Australia’s next prime minister came from humble beginnings – Times of India


CANBERRA: Australia’s elected Prime Minister, Anthony Albanese, is a politician shaped by his humble start to life as the only child of a single mother who raised him on a pension in Sydney’s rough inner-city suburbs.
He is also a hero of multicultural Australia, describing himself as the only candidate with a “non-Anglo-Celtic name” to run for Prime Minister in the office’s 121 years.
His friends pronounce his name ‘Alban-ez’, like bolognese. But after being repeatedly corrected by Italians over the years, his absent father’s nationality, he introduces himself and is widely known as ‘Alban-easy’.
He shared the stage during his victory speech with Senator Penny Wong, who will become Secretary of State. Her father was Malaysian Chinese and her mother European Australian.
“I think it’s good. Someone with a non-Anglo-Celtic surname is the leader in the House of Representatives and… someone with a surname like Wong is the leader of the government in the Senate,” Albanian said.
Australia has been criticized for its over-representation in parliament of descendants of British colonizers. Britain has ceased to be the main source of Australian immigrants since racist policies were dismantled in the 1970s. About half of Australia’s multicultural population is foreign born or has a foreign-born parent. Chinese and Indians are now immigrating in large numbers.
Albanian has pledged to restore Australia’s international reputation as a climate change laggard with stronger reductions in greenhouse gas emissions. The previous government kept the same commitment it made in the Paris Agreement in 2015: 26% to 28% below 2005 levels by 2030. The Albanian Labor Party has promised a 43% reduction.
His financially precarious upbringing in government homes in Camperdown on the outskirts of Camperdown provided the basis for the politician who led the centre-left Australian Labor Party in government for the first time since 2007. He is still widely known by his childhood nickname, Albo.
“It says a lot about our amazing country that a son of a single mother who was a disabled retiree, who grew up in public housing further down Camperdown, can stand before you tonight as Prime Minister of Australia,” Albanian said in his election victory. speech on Saturday.

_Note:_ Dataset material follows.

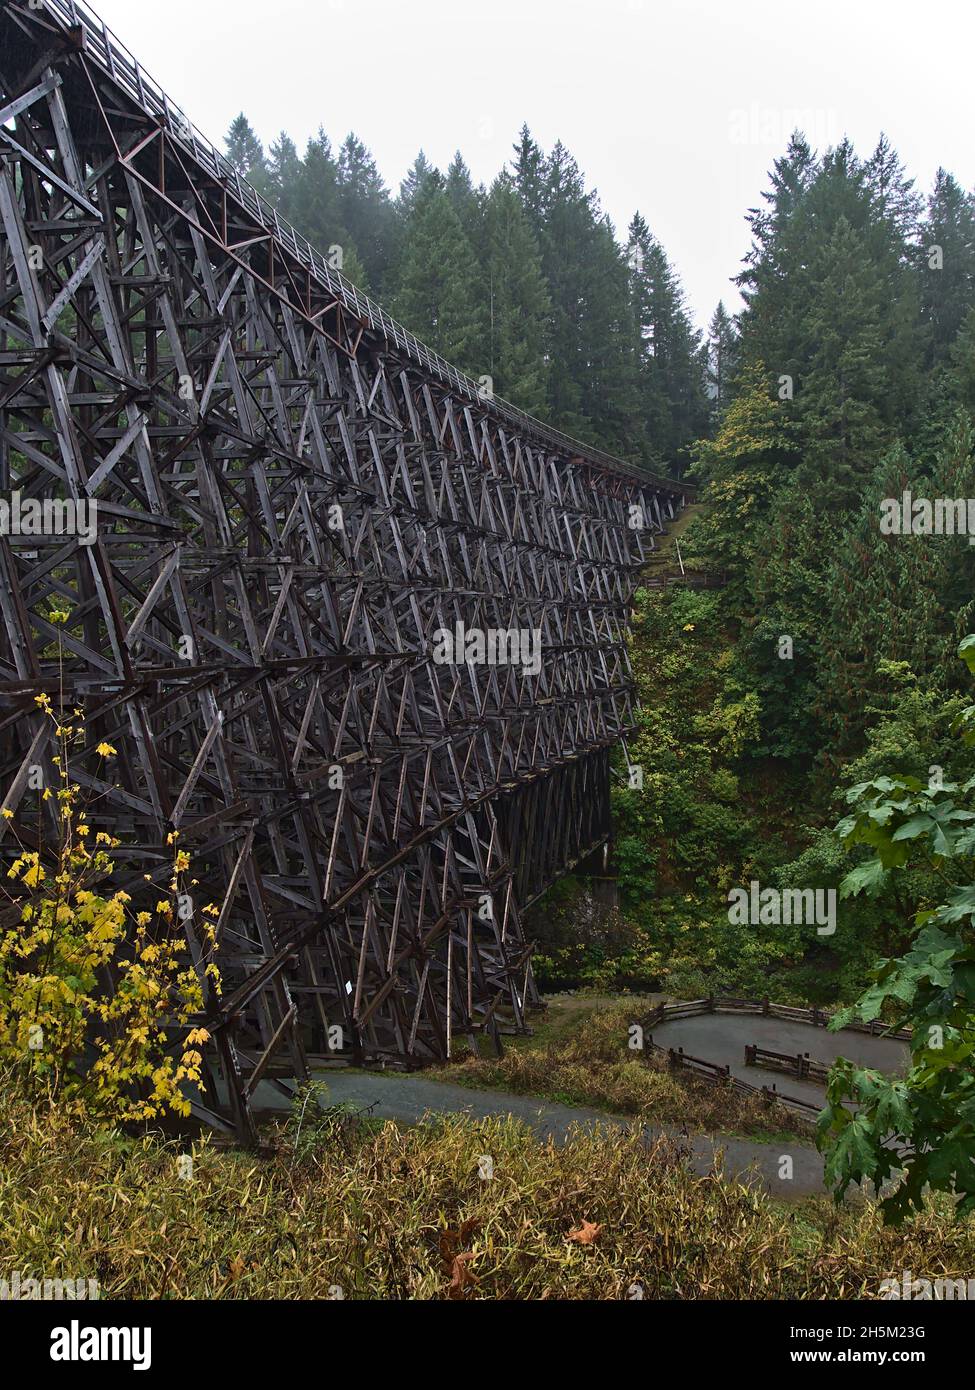 Magnifique paysage avec vue portrait du pont ferroviaire historique en bois Kinsol Trestle situé sur l'île de Vancouver, Colombie-Britannique, Canada. Banque D'Images

“Every parent wants more for the next generation than they had. My mother dreamed of a better life for me. And I hope my journey in life inspires Australians to reach for the stars,” he added.
The Albanian repeatedly referred to the life lessons he learned from his disadvantaged childhood during the six-week election campaign. Labor’s campaign focused on policy, including financial support for first-time homebuyers struggling with rising property prices and sluggish wage growth.
Labor also promised cheaper childcare for working parents and better nursing home care for the elderly.
Albanian pledged to restore confidence in Australia this week when he attends a summit in Tokyo on Tuesday with US President Joe Biden, Japanese Prime Minister Fumio Kishida and Indian Prime Minister Narendra Modi.
Albanian said he will be “completely consistent” with Prime Minister Scott Morrison’s current administration on Chinese strategic competition in the region.
But he said Australia had been placed in the “naughty corner” of the United Nations’ climate change negotiations by refusing to set more ambitious emissions reduction targets at a conference in November.
“One of the ways we are increasing our position in the region, and especially in the Pacific, is by taking climate change seriously,” Albanian told the National Press Club.
The Biden government and Australia “will have a strengthened relationship in our shared vision of climate change and the opportunities it represents,” Albanian said.
Albanian blamed Morrison for “a whole series of Australian international relations that had been damaged”.
He said Morrison misled the United States that a secret plan to provide Australia with a fleet of submarines powered by US nuclear technology had the support of the Albanian Labor Party. In fact, Labor was not notified of the plan until the day before it was announced in September.
Albanians also accused Morrison of leaking personal text messages from Emmanuel Macron to the media to discredit the French president’s complaint that Australia had not issued a warning that a French submarine contract would be cancelled.
In November, French Ambassador to Australia Jean-Pierre Thebault described the leak as a “new low” and a warning to other world leaders that their private communications with the Australian government could be weaponized and used against them.
Labor has also described a new security pact, China and the Solomon Islands, as Australia’s worst foreign policy failure in the Pacific since World War II.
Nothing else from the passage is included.